The illuminating unit 560 includes the LEDs (LED units) provided for the respective areas, and each LED emits light at a desired luminance based on the control by the LED drive circuit 520 and the power supply switching circuit 540. In this manner, the illuminating unit 560 irradiates the display portion 32 with light from the back of the display portion 32.

In the above-described manner, the illuminating unit 560 in the backlight 50 irradiates the display portion 32 with light from the back of the display portion 32, with a voltage, which is determined based on a target display image, written to the pixel capacitance in each pixel portion 34 provided in the display portion 32 of the liquid crystal panel 30, by which a desired image is displayed on the display portion 32.

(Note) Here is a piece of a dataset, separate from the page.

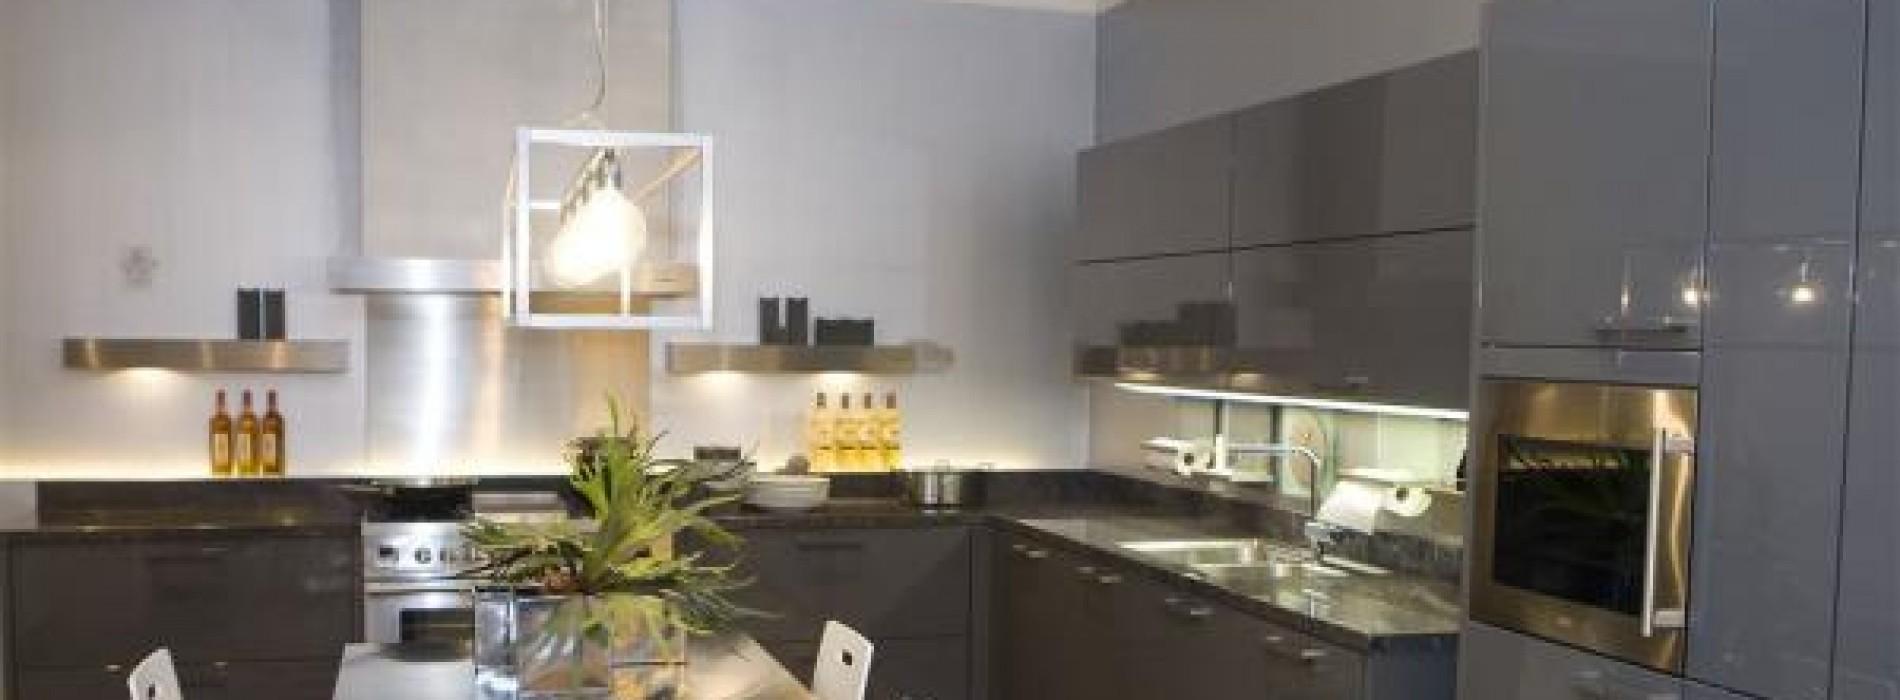 Dit is de smerigste ruimte in je huis (en het is niet de wc)

It should be noted that, in regard to the backlight 50, the turn-on control circuit is implemented by the LED drive circuit 520 and the power supply switching circuit 540 in the present embodiment.

<1.2 Backlight>

<1.2.1 Schematic Configuration>

FIG. 4 is a block diagram for describing a schematic configuration of the backlight 50. As shown in FIG. 4, the backlight 50 includes the LED drive circuit 520, the power supply switching circuit 540, the illuminating unit 560, and an LED power source 580. Here, for convenience of description, it is assumed that the substrate (LED substrate) that constitutes the illuminating unit 560 is logically divided into 16 (four vertical×four horizontal) areas. However, in general, the number of areas are contemplated to be equal or more than 1000 (for example, 1152 (24×48)).

In the illuminating unit 560, four power source lines PL1 to PL4 extending in the horizontal direction in FIG. 4 and four turn-on control lines SL1 to SL4 extending in the vertical direction in FIG. 4 are disposed. Each of the intersections of the four power source lines PL1 to PL4 and the four turn-on control lines SL1 to SL4 corresponds to one area, and one LED 562 is provided for each one of the 16 areas. In this manner, the illuminating unit 560 includes 16 LEDs 562. These 16 LEDs are divided into four blocks (the first block BL1 to the fourth block BL4) as shown in FIG. 4. By switching the supply destination of the power source voltage by the power supply switching circuit 540, 16 LEDs 562 are driven on a block-by-block basis (on a row-by-row basis in the present embodiment).

In the present embodiment, since four LEDs 562 are included in one block, four channels (four turn-on control lines SL1 to SL4) are provided as channels for LED driving.

In the configuration such as described above, driving (turning on the LEDs 562 in the block) is performed, for example, at the first block BL1, at the second block BL2, at the third block BL3, and at the fourth block BL4 in this order in each frame period. At this time, the luminance of each LED 562 is controlled by the LED drive circuit 520.

<1.2.2 LED Drive Circuit>

FIG. 1 is a block diagram showing a functional configuration of the LED drive circuit 520 in the present embodiment. The LED drive circuit 520 includes, as shown in FIG. 1, a control unit 521, an LED data holding unit 522, an operation setting data holding unit 523, a liquid crystal driving frequency detection unit 524, and a PWM/constant-current generating unit 525.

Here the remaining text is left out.